**Task goal**
For this listing, reproduce the line with "Download Princess Coloring", the line with "The 2022 U.S.", and the lines between, exactly as they stand. Leave out pictures and all other lines.

*** Input records ***

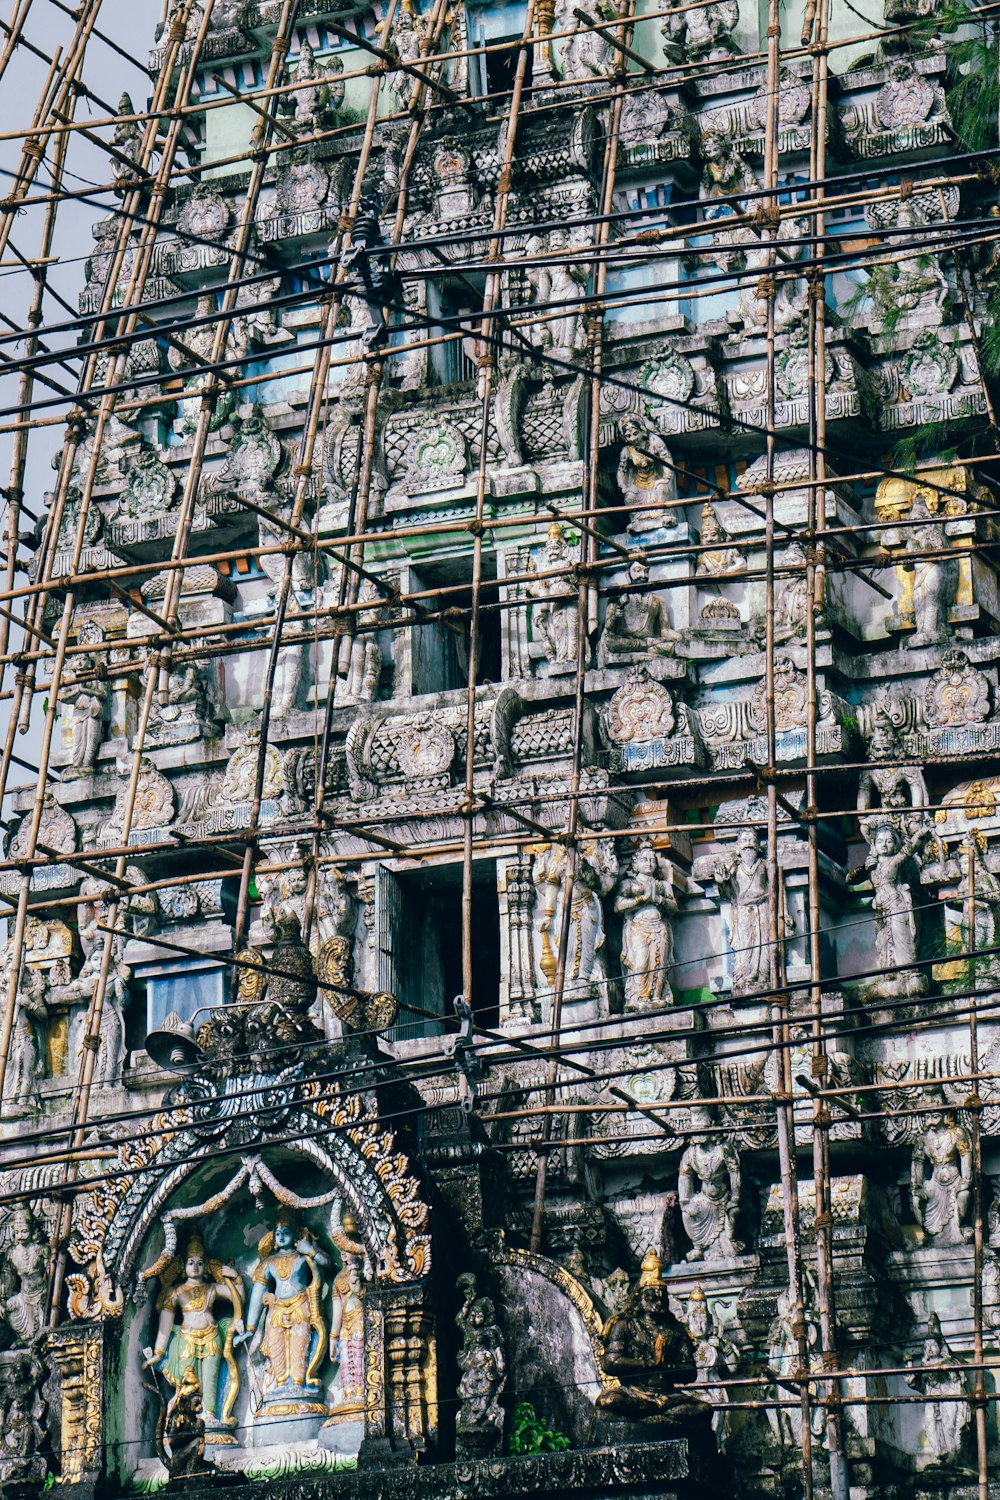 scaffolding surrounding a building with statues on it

*** End of Input records ***
*** Input records ***

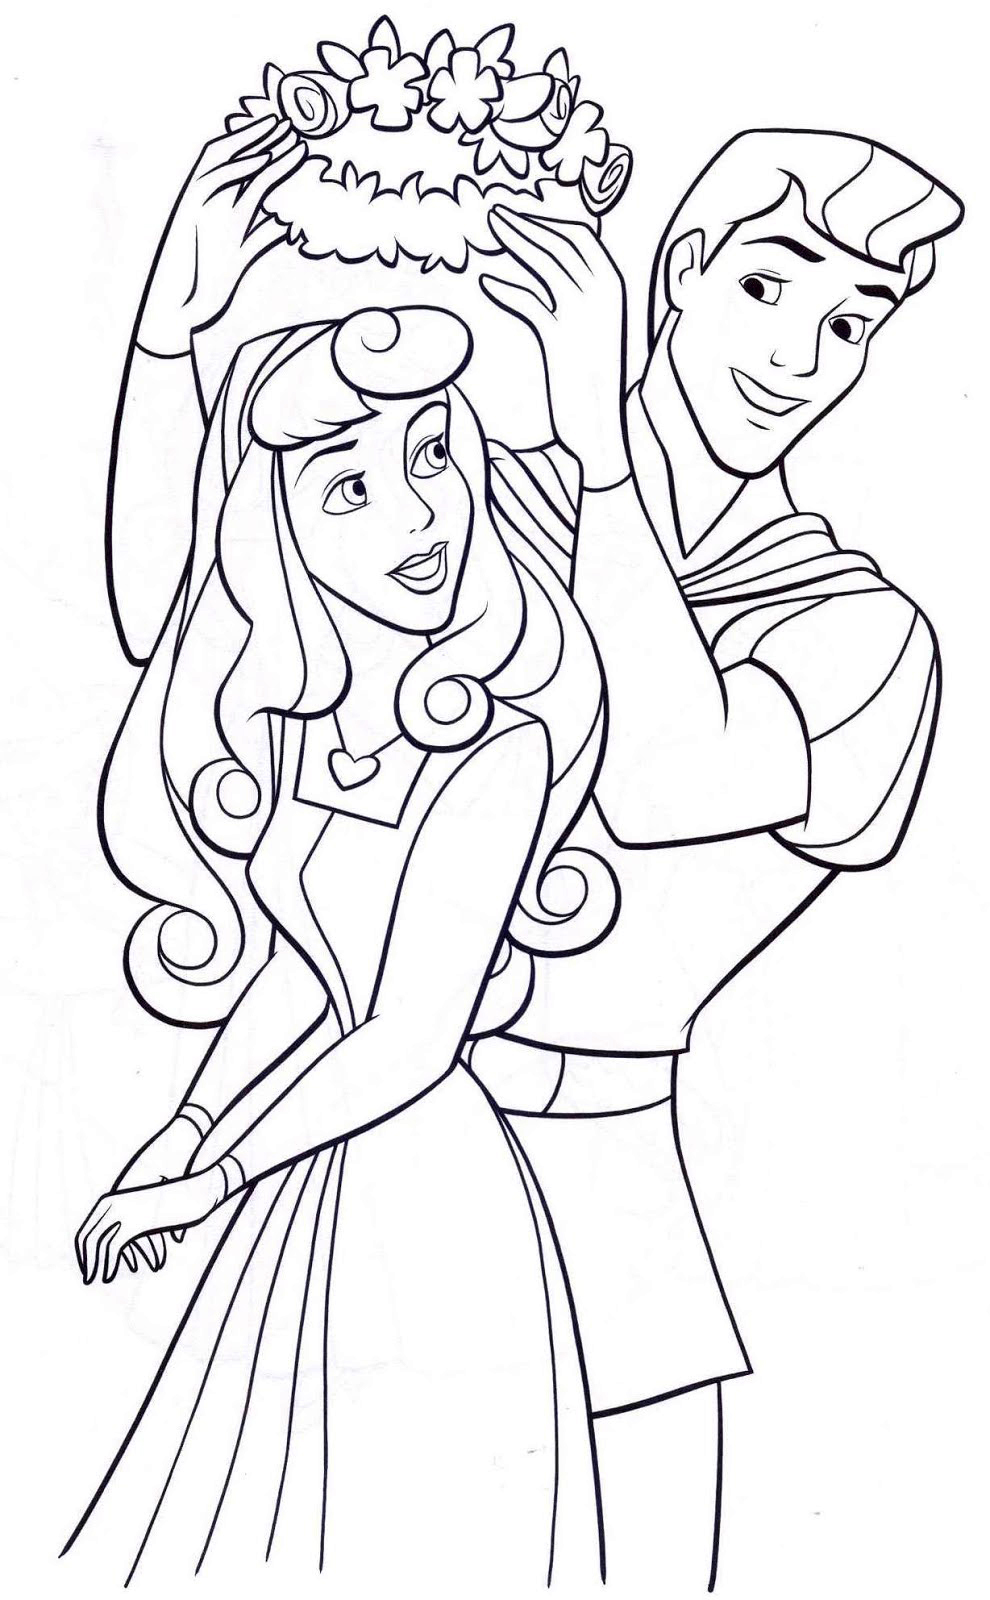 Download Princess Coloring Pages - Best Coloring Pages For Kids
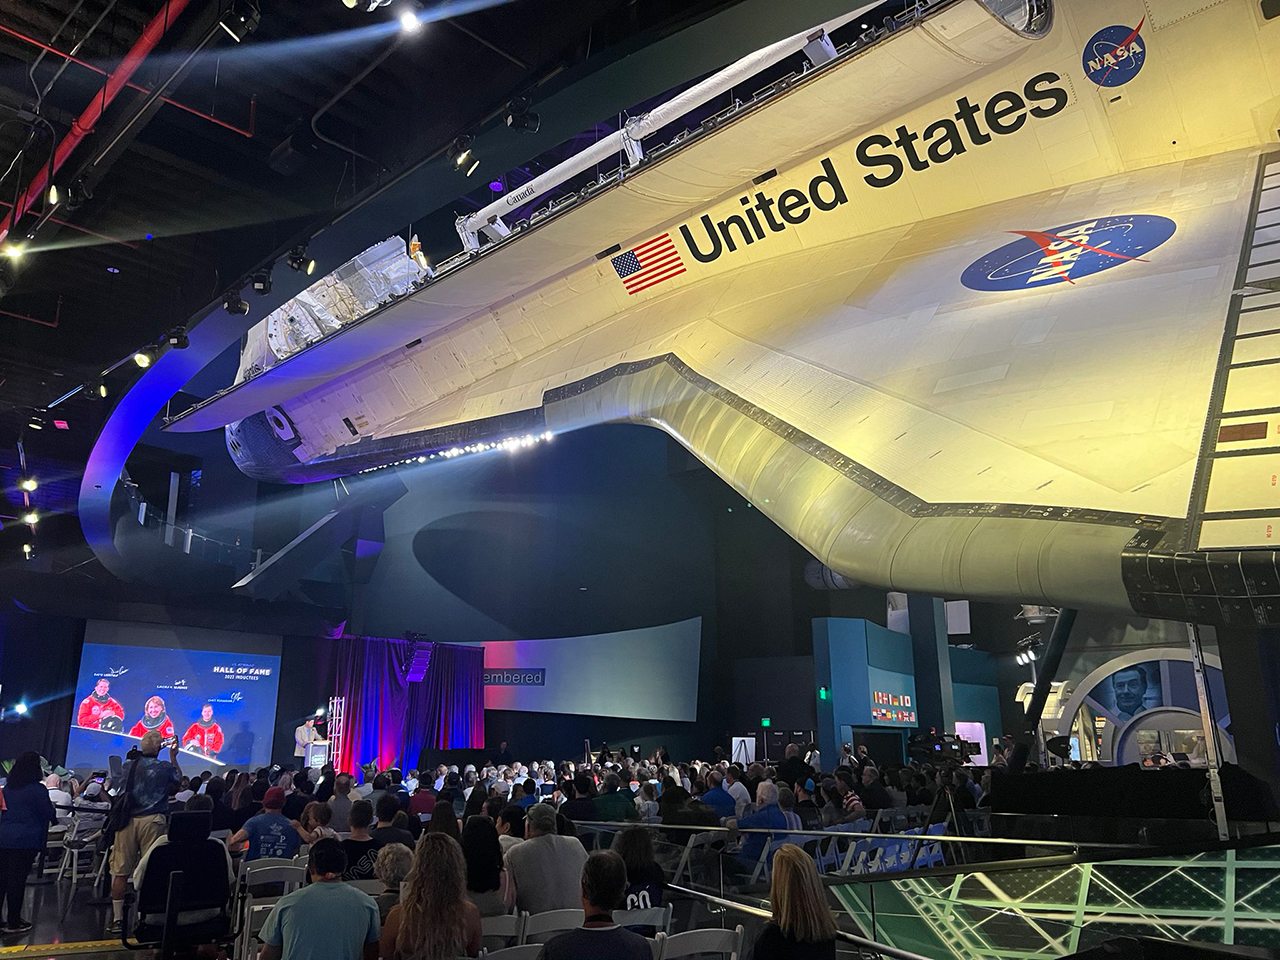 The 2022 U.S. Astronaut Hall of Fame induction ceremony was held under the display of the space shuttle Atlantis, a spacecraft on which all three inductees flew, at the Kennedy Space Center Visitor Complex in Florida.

*** End of Input records ***
*** Input records ***

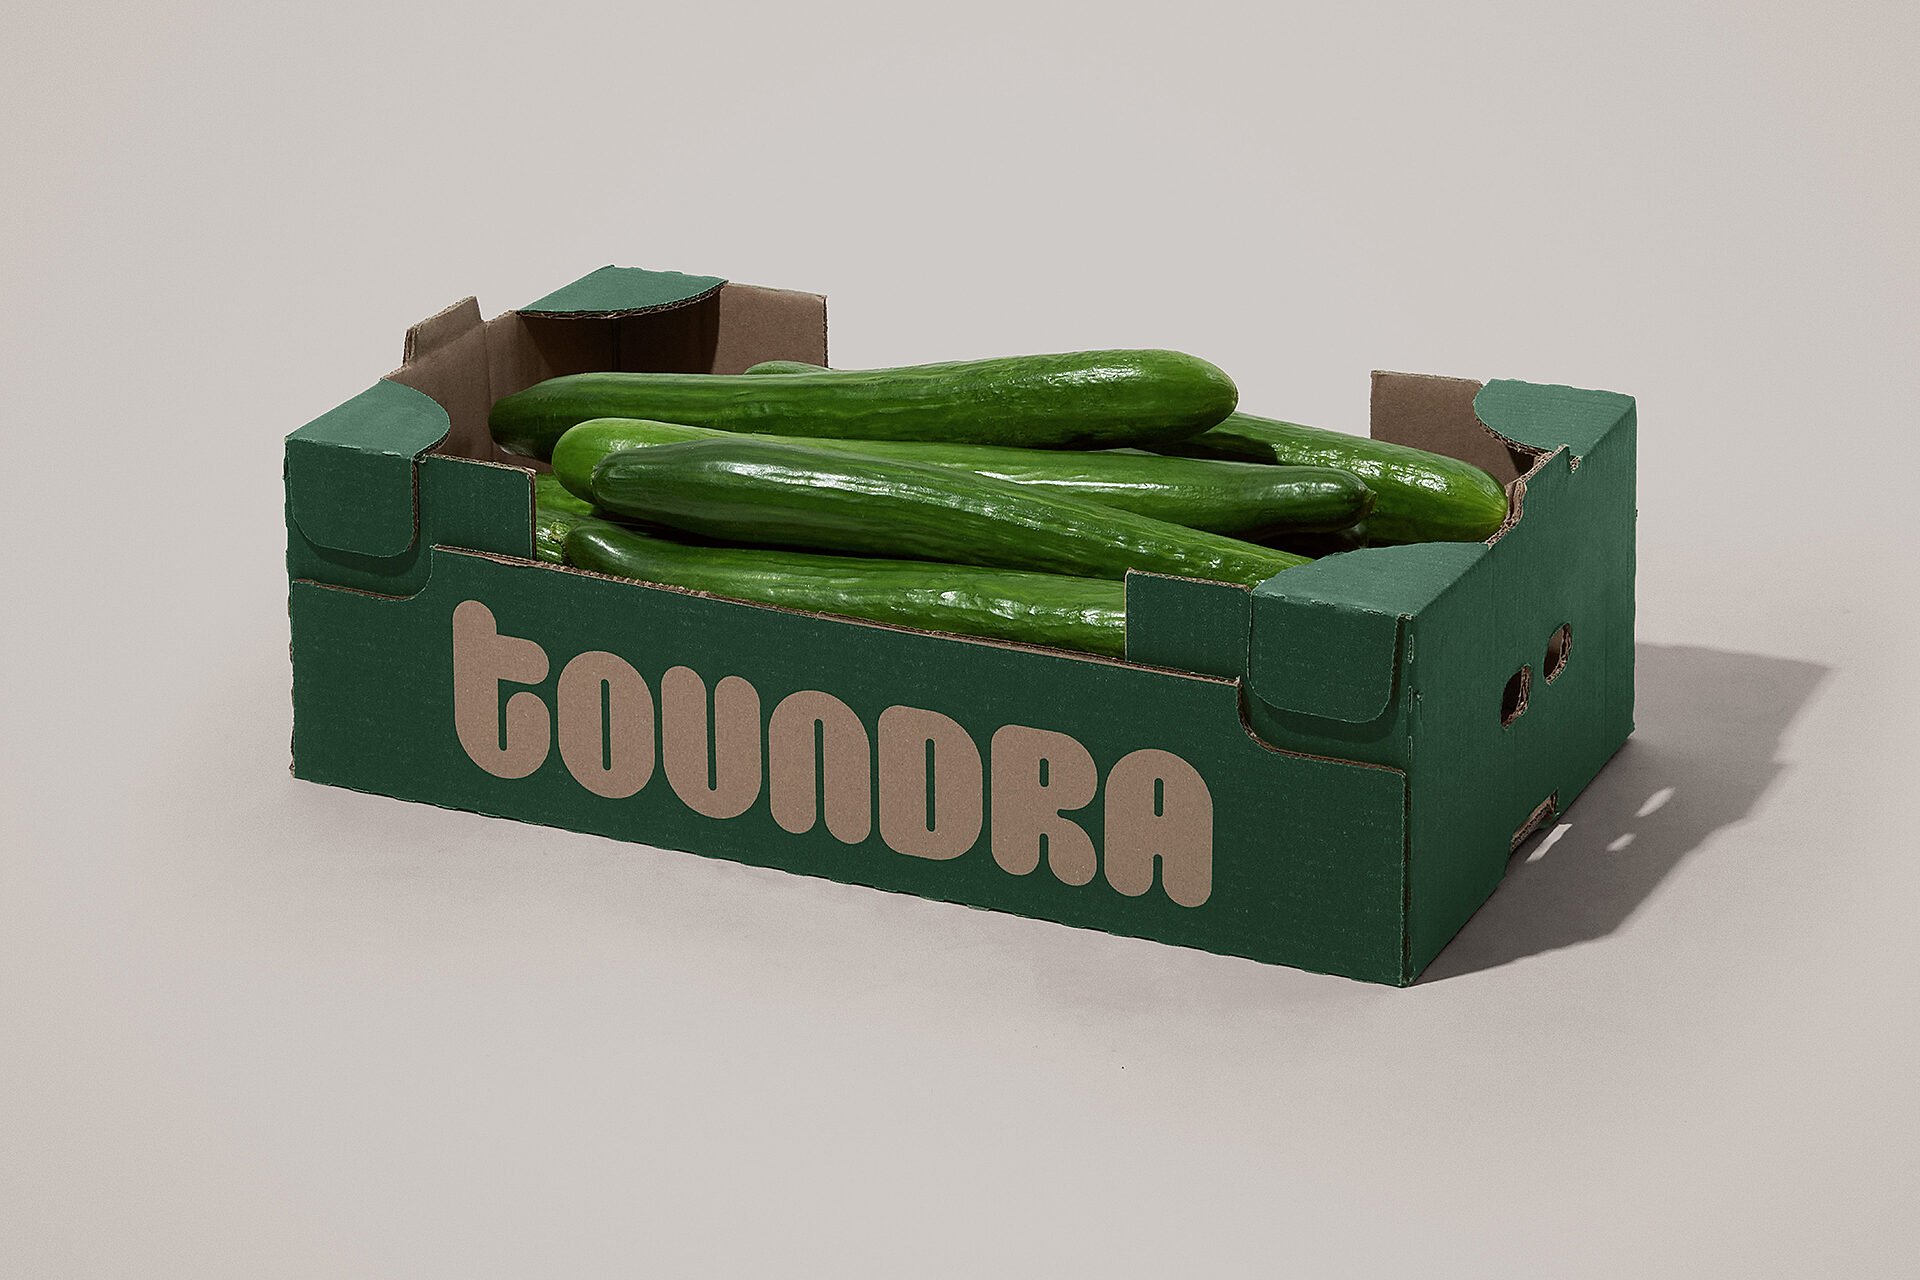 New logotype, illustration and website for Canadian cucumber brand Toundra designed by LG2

*** End of Input records ***

**Result of this exercise**
 Download Princess Coloring Pages - Best Coloring Pages For Kids
 The 2022 U.S. Astronaut Hall of Fame induction ceremony was held under the display of the space shuttle Atlantis, a spacecraft on which all three inductees flew, at the Kennedy Space Center Visitor Complex in Florida.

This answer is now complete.